EXERCISE DIRECTIONS
From the material below, please set down exactly the lines starting with the one with "Practical Jokes Hippo" and going on through the one with "Draper Media Console", without a single picture.

EXERCISE MATERIALS
= Beginning of Section =

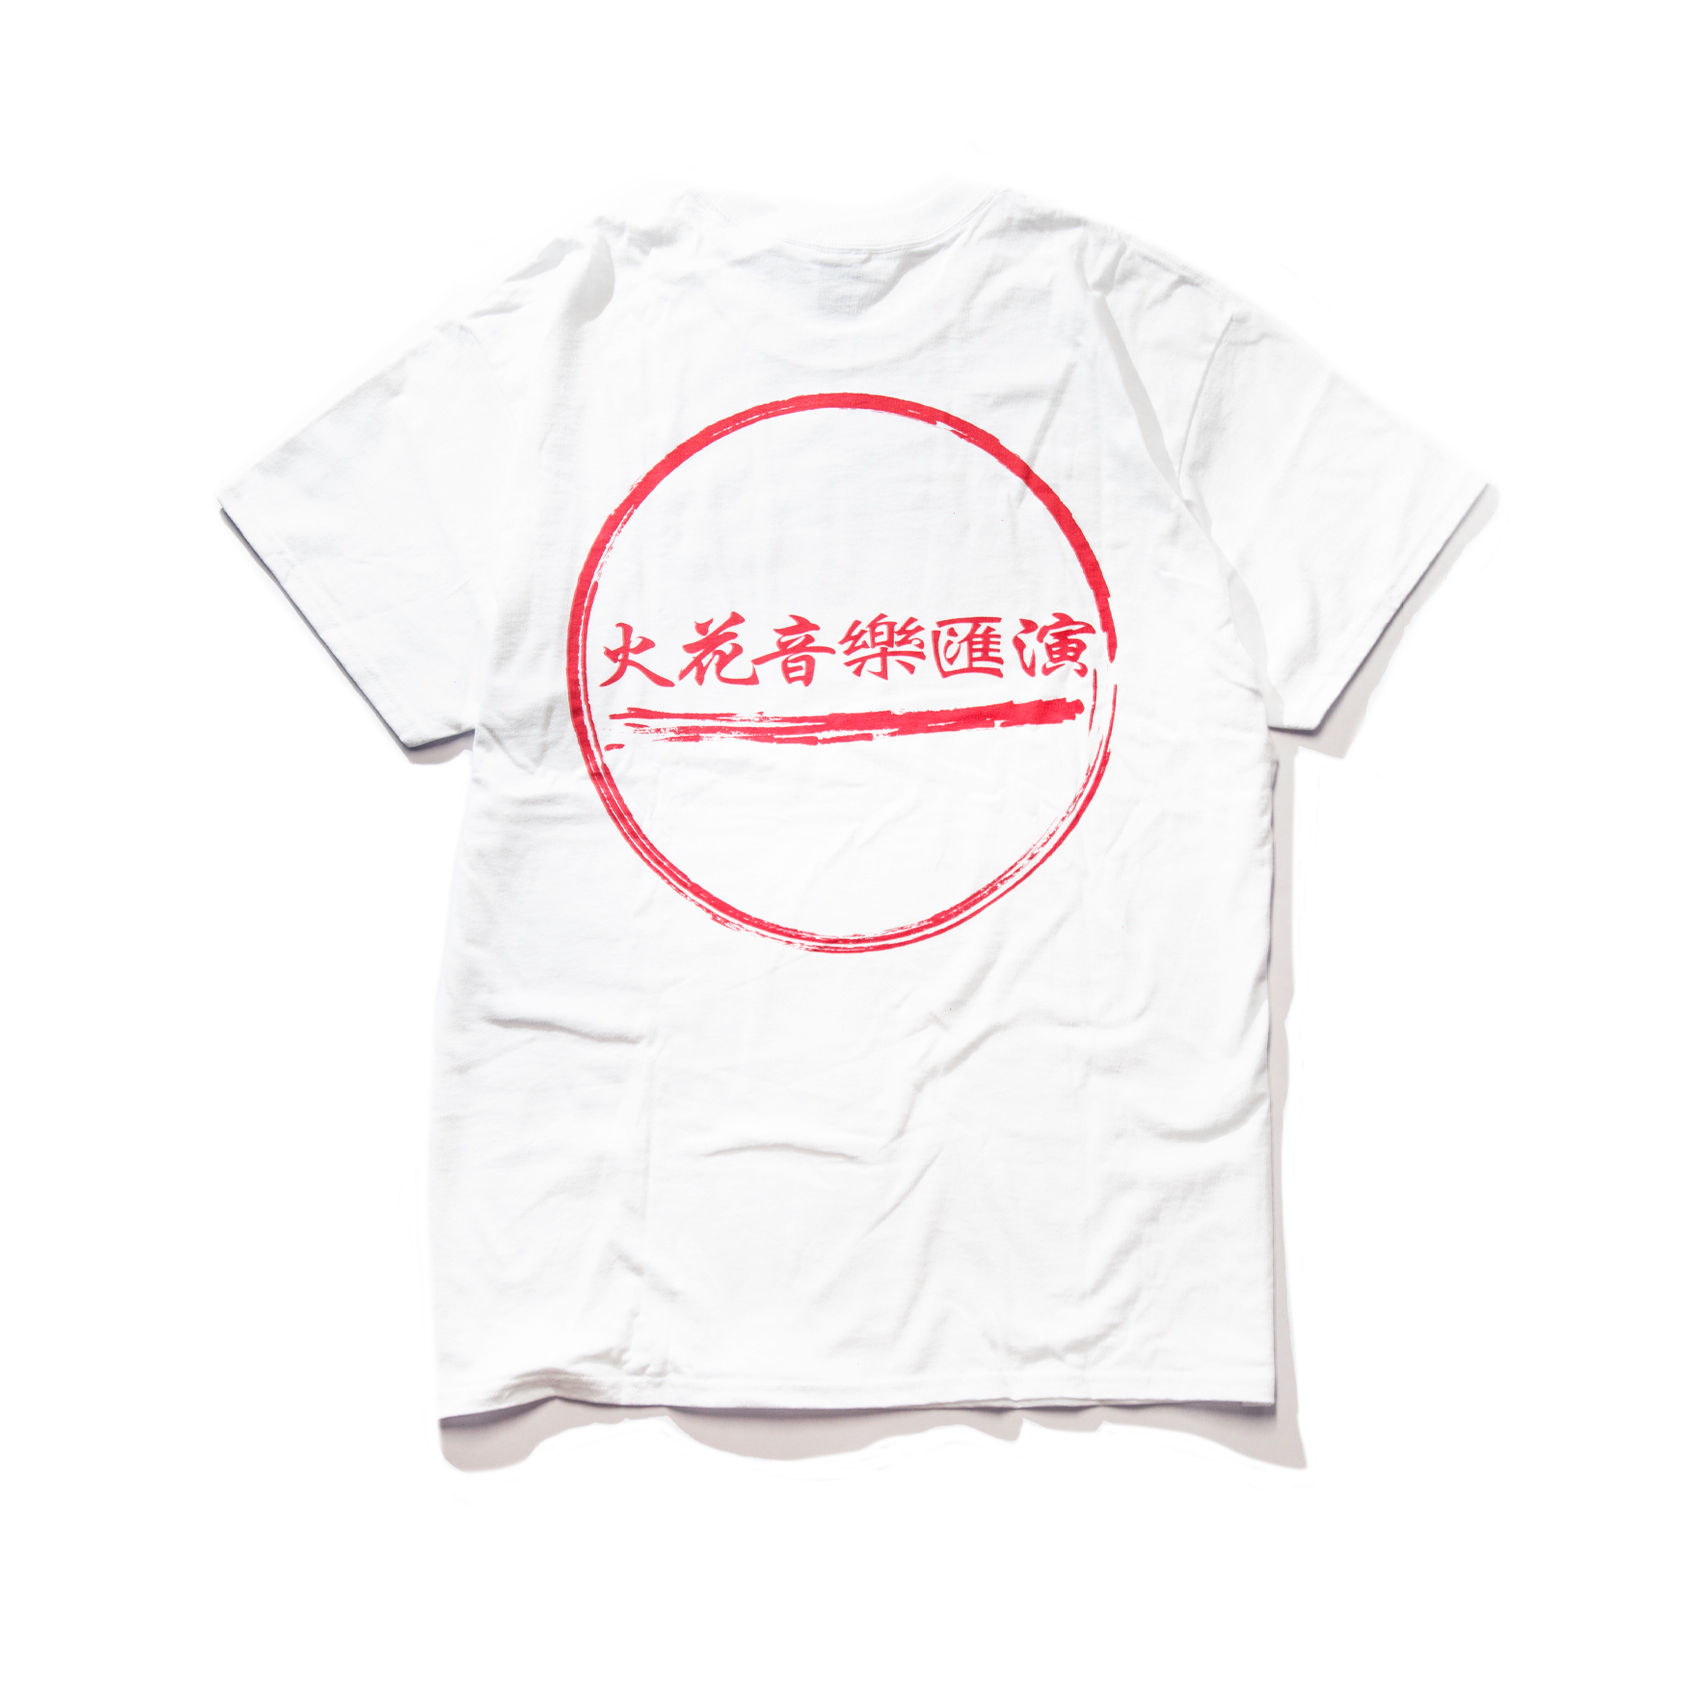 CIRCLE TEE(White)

= End of Section =
= Beginning of Section =

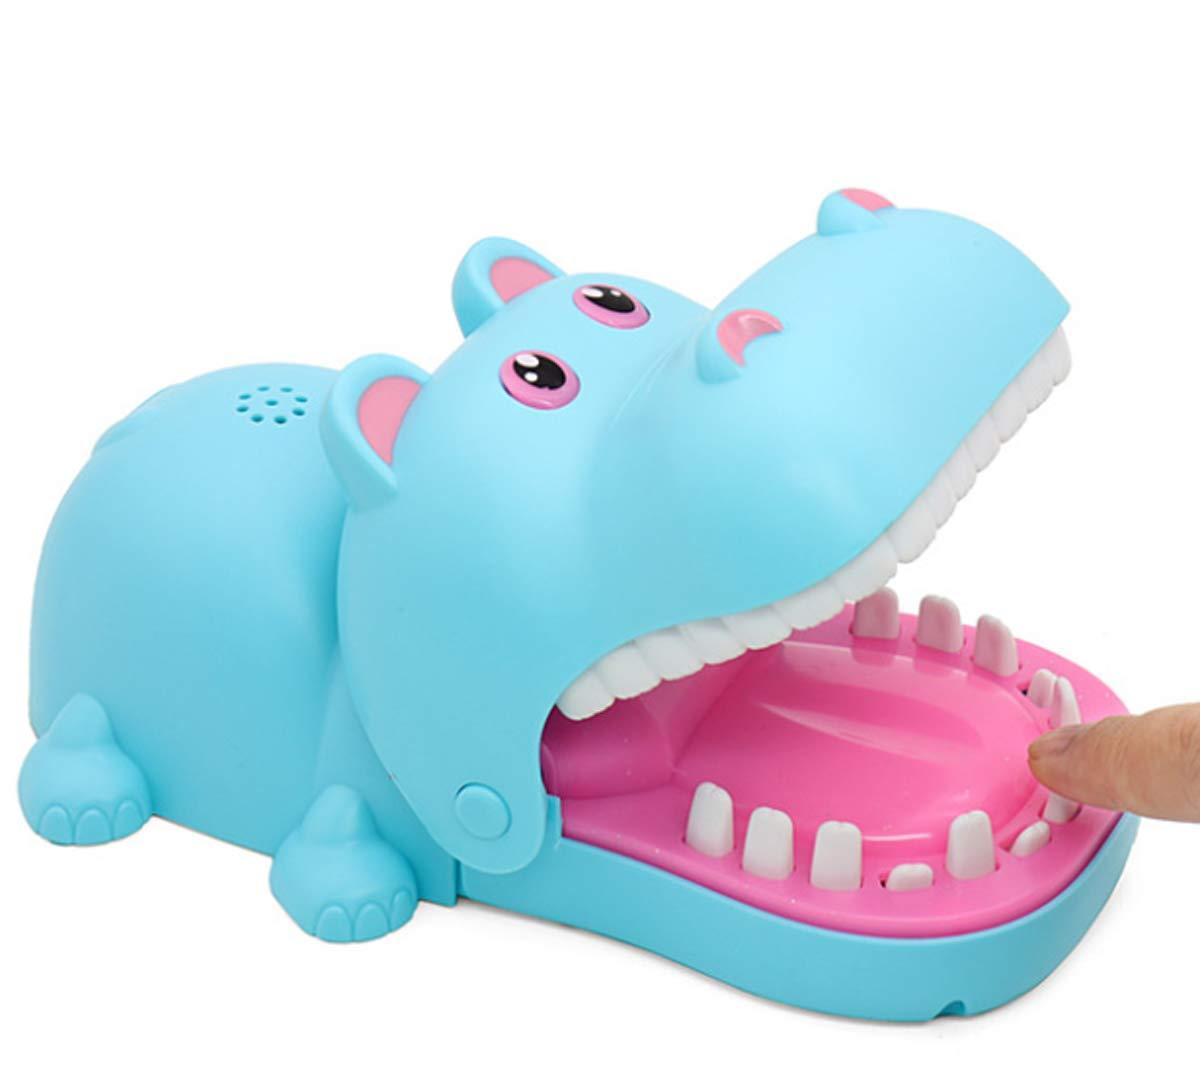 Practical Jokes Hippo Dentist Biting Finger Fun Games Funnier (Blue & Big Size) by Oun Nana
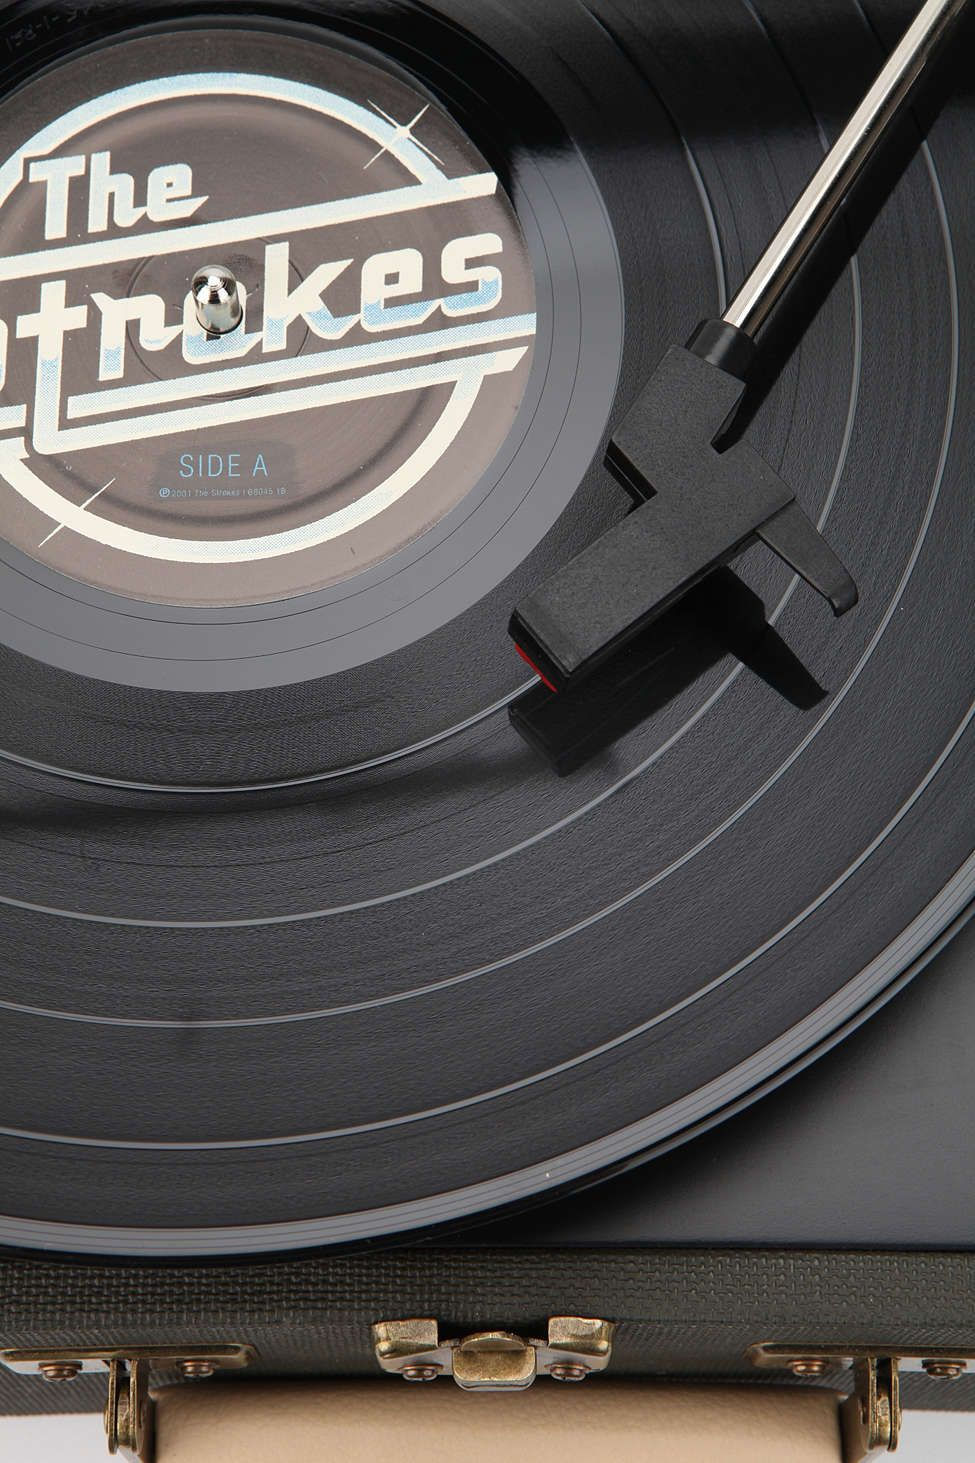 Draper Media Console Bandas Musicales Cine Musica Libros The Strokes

= End of Section =
= Beginning of Section =

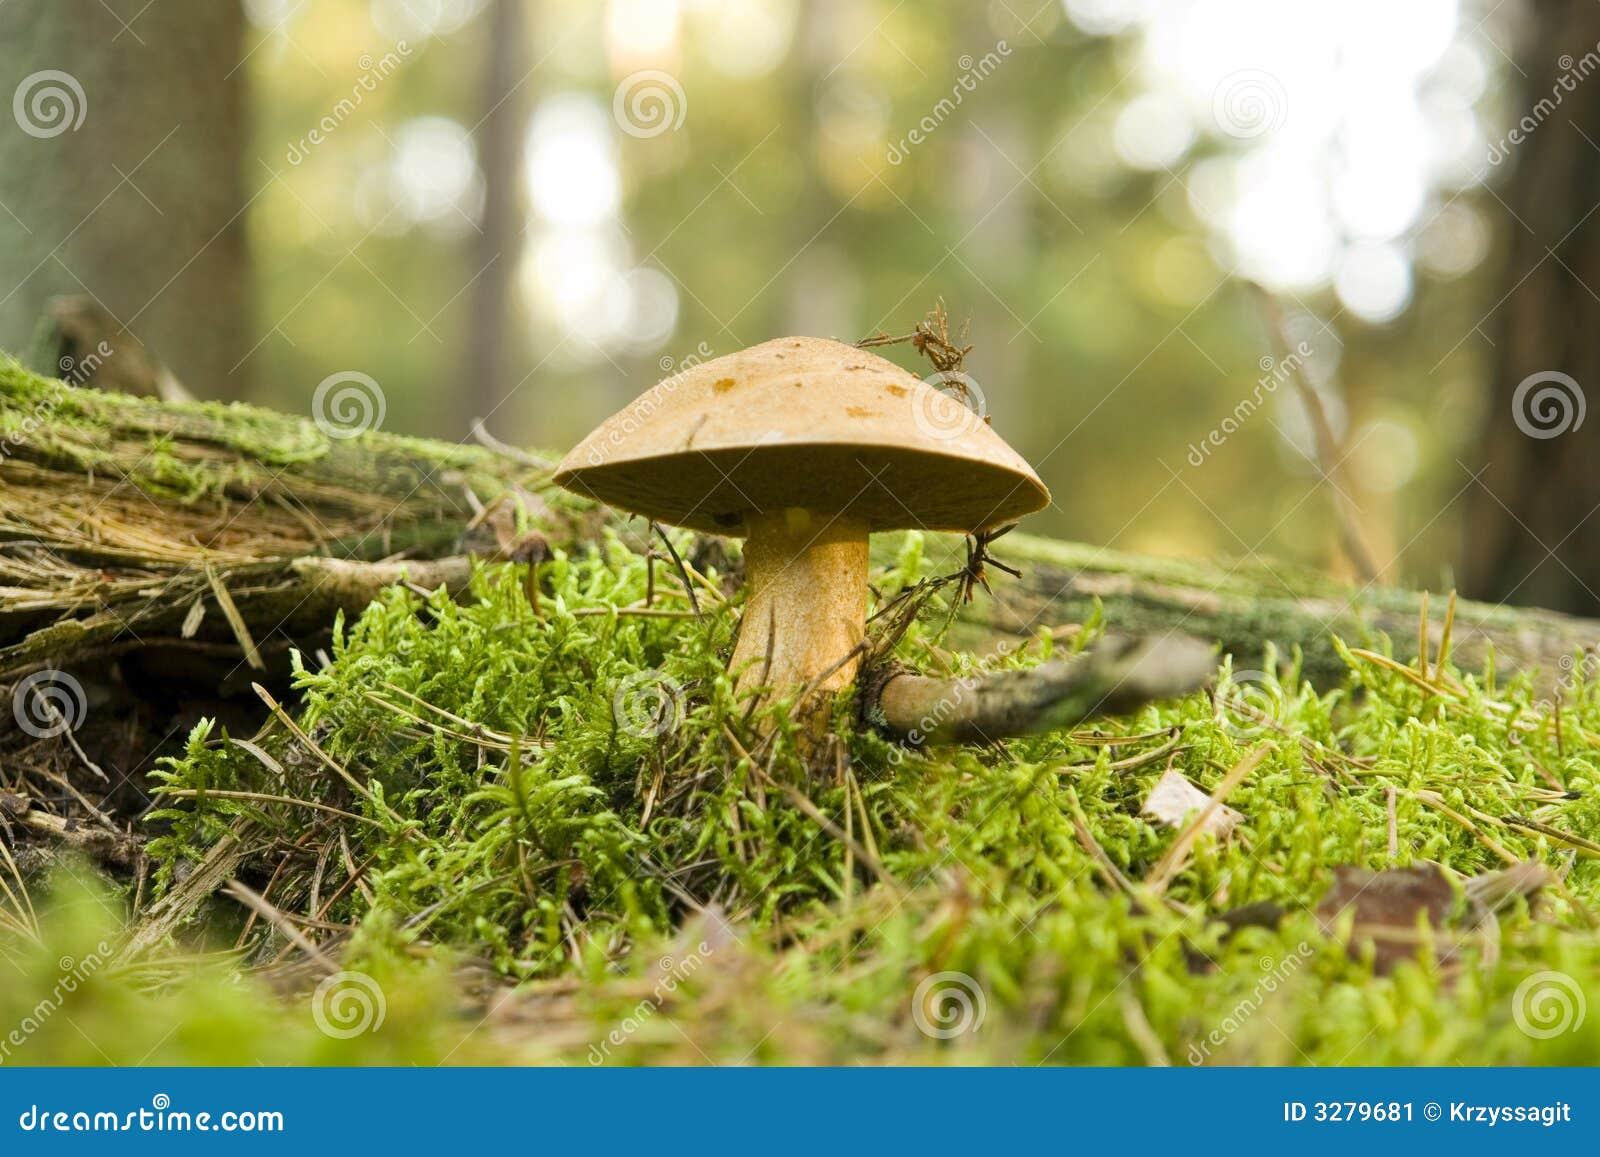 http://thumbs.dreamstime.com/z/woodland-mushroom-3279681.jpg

= End of Section =

RESULT FOR THIS TASK
 Practical Jokes Hippo Dentist Biting Finger Fun Games Funnier (Blue & Big Size) by Oun Nana
 Draper Media Console Bandas Musicales Cine Musica Libros The Strokes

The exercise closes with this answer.